The un-phoned are an understandably attractive market, he said, since the cost of reaching them is relatively low. Movirtu's system is essentially just a piece of software loaded onto a phone, thus avoiding the expense of printing SIM cards.
But will a large base of potential users mean big profits? Probably not, Pater said. "It's not going to be the next big thing, certainly not for Airtel."
What the un-phoned really represent, he said, is a fresh start on a continent on which the India telecom giant has had little success to date. "Airtel is trying to tap into greenfields markets where they still think they exist, because in some other markets they find it a bit difficult to compete," Pater said. DRC is one of the company's strongest markets, he said, but in most African countries Airtel is trailing behind its competitors.
The DRC and Madagascar, where the virtual SIM has been introduced, are two of the least developed markets in Airtel's Africa portfolio, and penetration levels are low. The company might have guessed that the problem in these countries was a lack of handsets, Pater said, and that people are more likely to be sharing.
Sharing handsets is particularly common in families, and Airtel is hoping children will get virtual SIM cards to use on the family phone, Brinkschulte said. "That means that Airtel will have captured that market quite early, before any competitor can do it," he said. This would become particularly valuable if they later convert the number to a physical SIM card when they buy their own phones.
But Pater said that phone numbers in the African market are not as sticky as the company is hoping, and brand loyalty is practically non-existent. "Especially when you play at the lower end of the market, you probably need to compete on price," he said. "If you're not the cheapest, they'll dump your Airtel SIM card and pick up another SIM card."

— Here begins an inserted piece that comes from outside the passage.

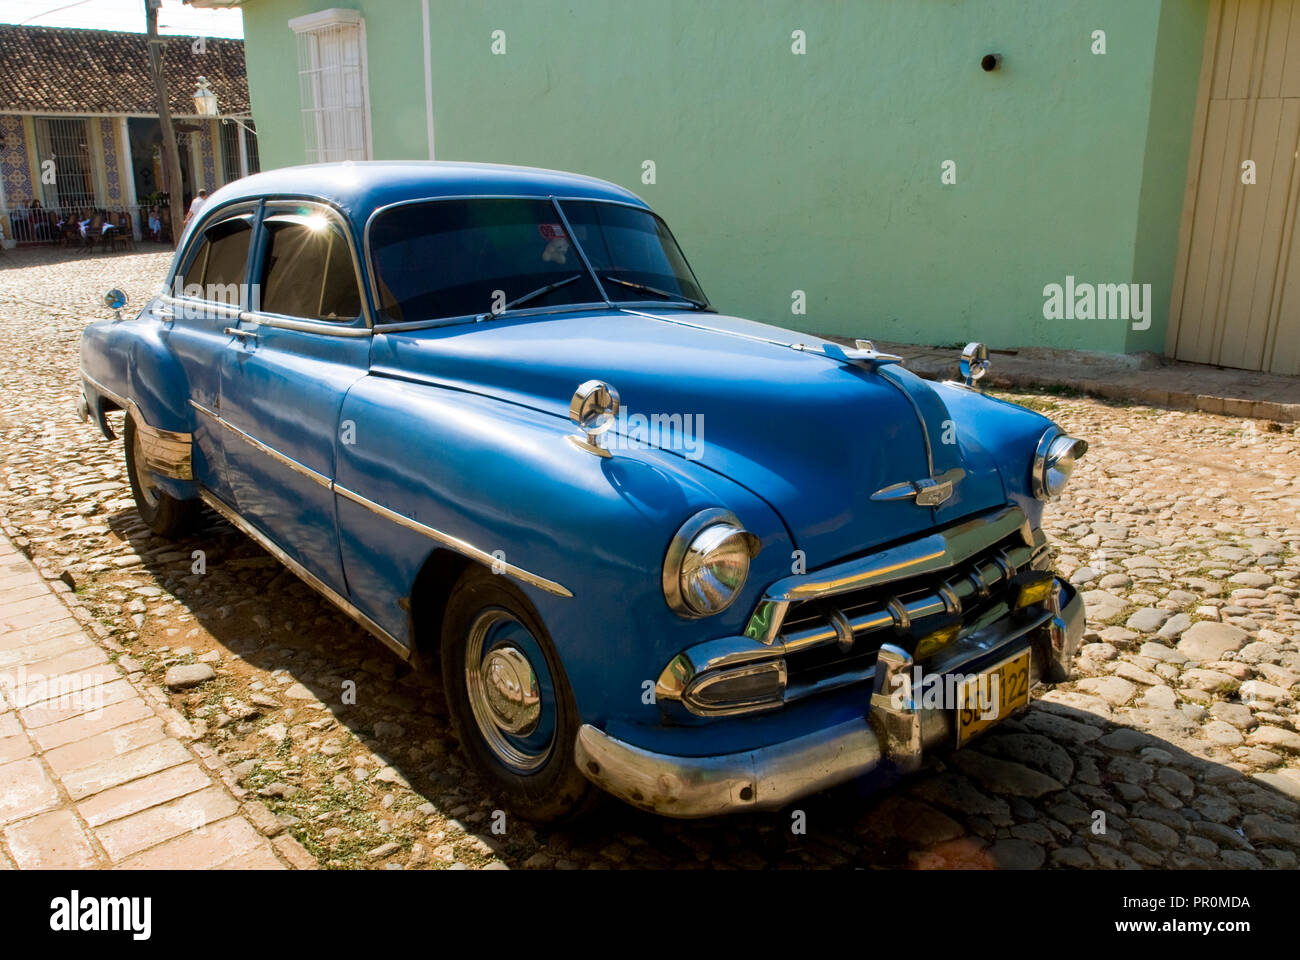 Blue Vintage American Car In The Street Of Trinidad Cuba West Indies Stock Photo

Another problem, Pater said, is that the un-phoned are not as untapped a market as Airtel might think, because people without their own handsets already find ways to connect to mobile networks.
"You find in many village environments, as long as they have coverage, individuals with phones make those phones available to others," he said. In other words, a handset isn't a major barrier to entering the world of telecommunications.
Along with price, another major concern for consumers is network coverage, which can be spotty to non-existent in rural areas and even certain urban neighbourhoods. In order for Airtel to conquer the un-phoned market it will have to ensure that its coverage is at least as good as that of its competitors, Pater said. Otherwise, a virtual SIM card will be of little use.
Nor is this likely to remain a greenfields market for long. In terms of ARPU (average revenue per user) there is relatively little to be gained from the un-phoned, Pater said, and until now operators had calculated that the cost of a SIM card alone made it unprofitable to target them.
But the virtual SIM solution is inexpensive enough that this may soon change. Movirtu says other operators have been eyeing their technology as well — Airtel is simply the first to take it live.
Once more operators start offering virtual SIM cards, the crucial factor for consumers will once again be price, Pater said. At that point, Airtel's advantage may be lost forever.